:: DATA SECTION ::
━━━

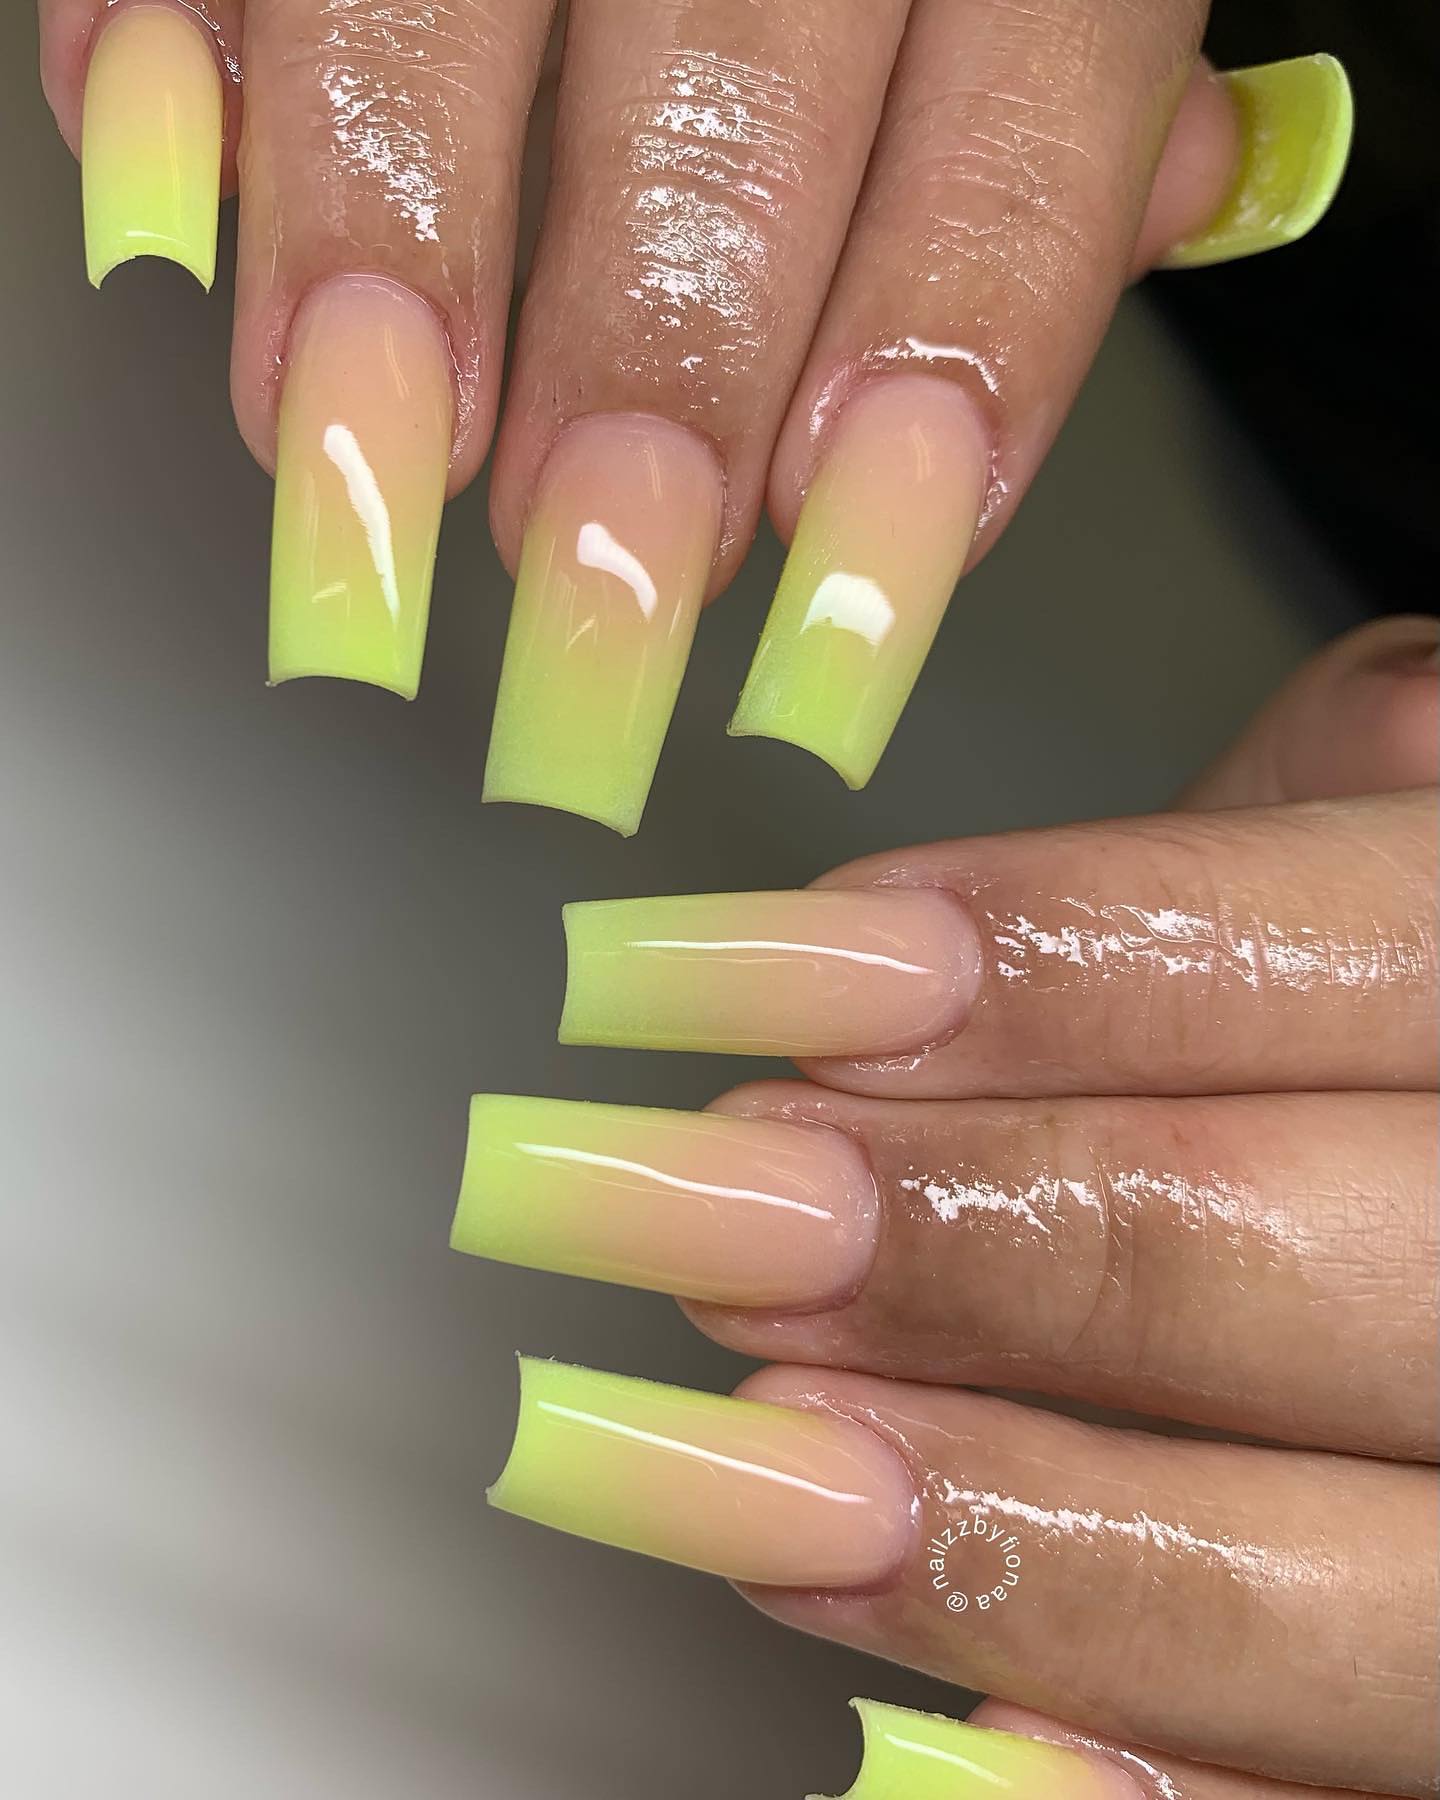 Square yellow and done in this ombré way, this manicure is for women who like neat and clean lines.
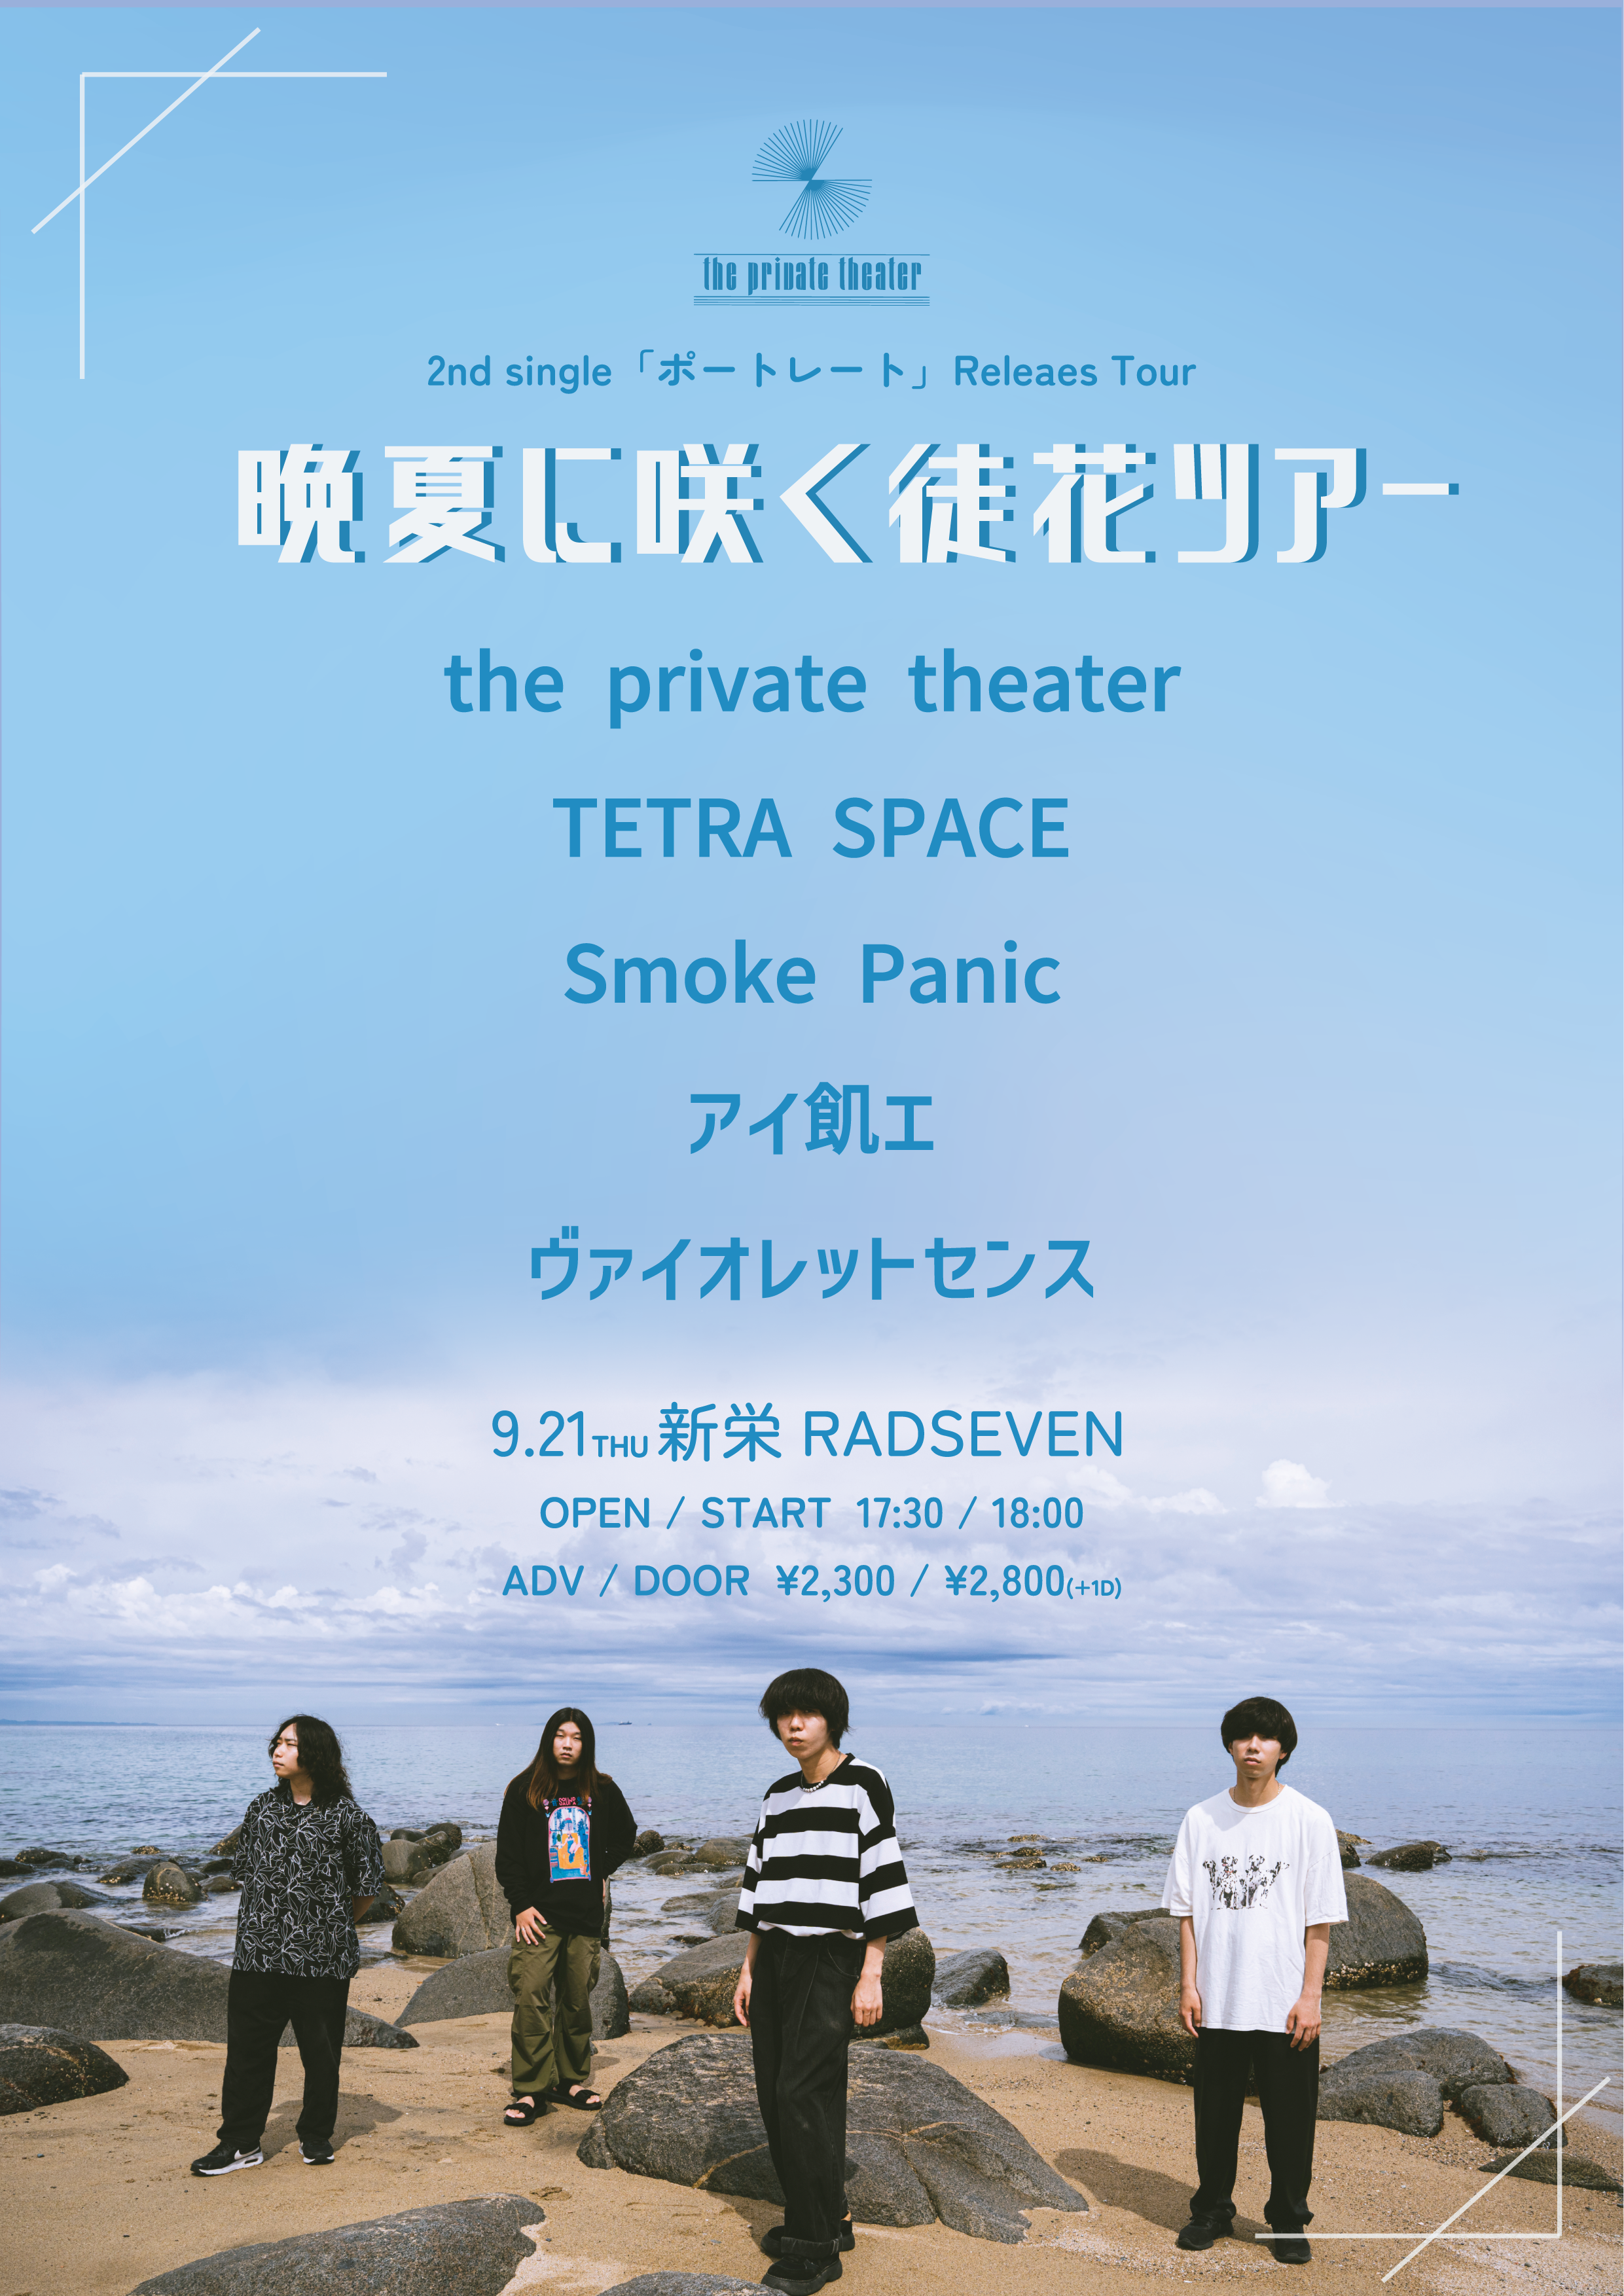 the private theater 2nd single「ポートレート」releaes tour 晩夏に咲く徒花ツアー
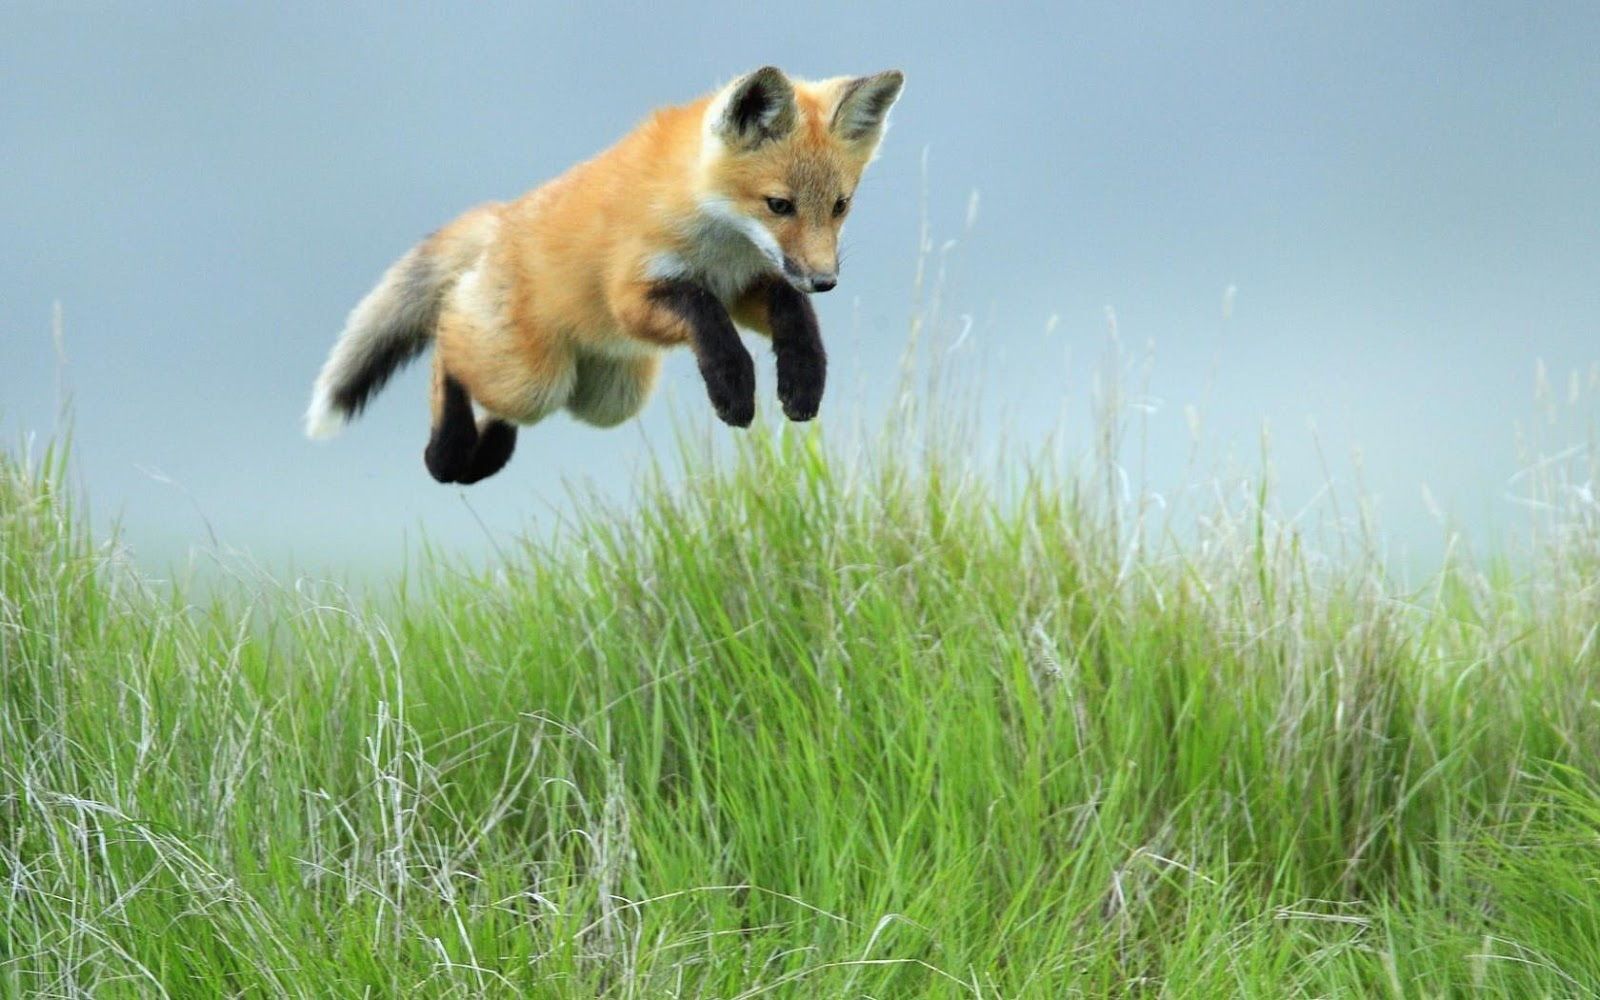 HD animal wallpaper a jumping fox in the high grass HD foxe animal 1867 - Fox Animal HD Wallpaper
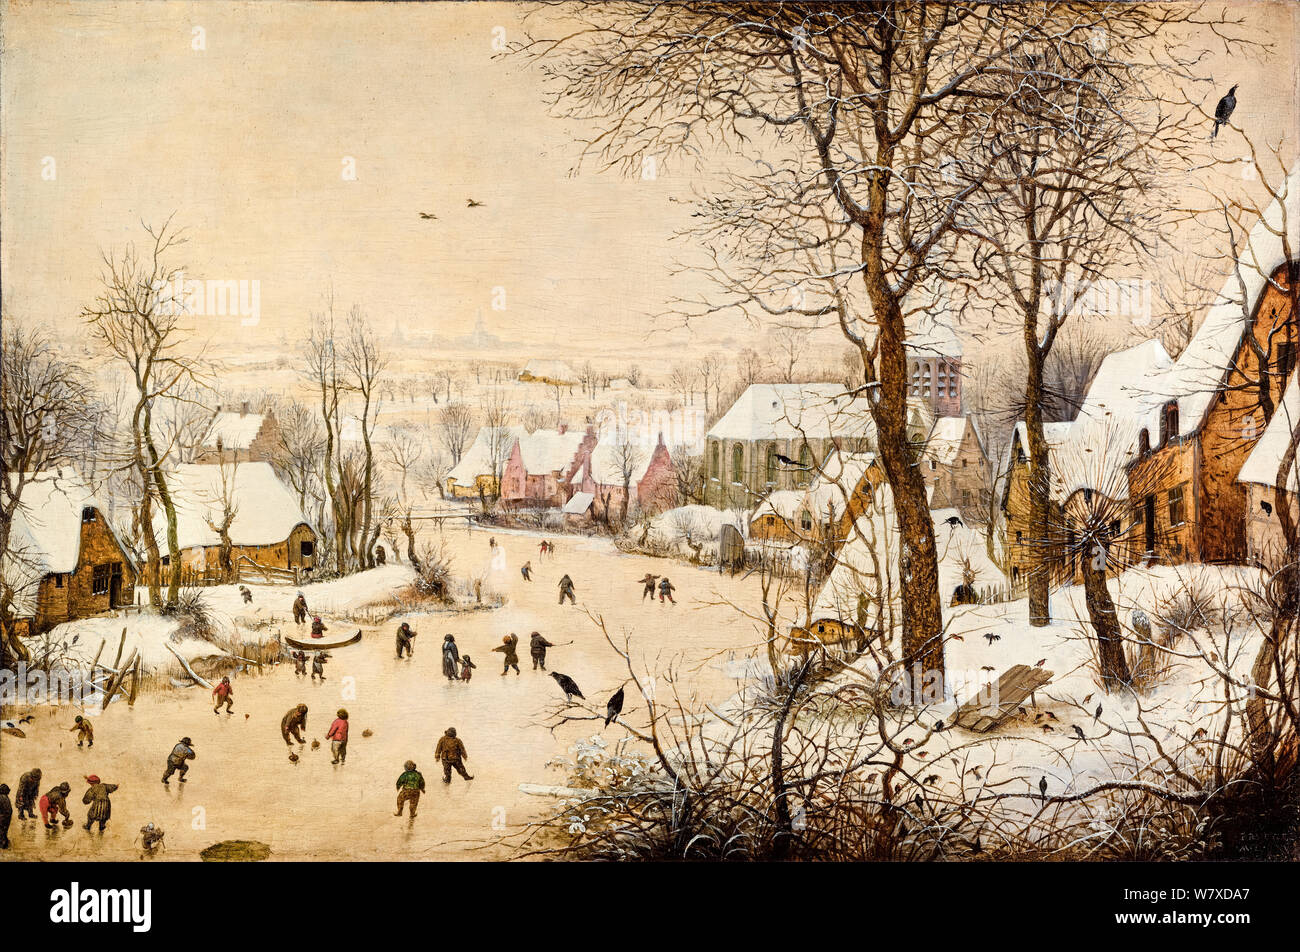 Pieter Bruegel the Elder, painting, Winter Landscape with Skaters and Birds Trap, 1565 Stock Photo

━━━

:: WHAT TO DO ::
Copy out the lines above unchanged. Skip the images.

:: ANSWER SECTION ::
 Square yellow and done in this ombré way, this manicure is for women who like neat and clean lines.
 the private theater 2nd single「ポートレート」releaes tour 晩夏に咲く徒花ツアー
 HD animal wallpaper a jumping fox in the high grass HD foxe animal 1867 - Fox Animal HD Wallpaper
 Pieter Bruegel the Elder, painting, Winter Landscape with Skaters and Birds Trap, 1565 Stock Photo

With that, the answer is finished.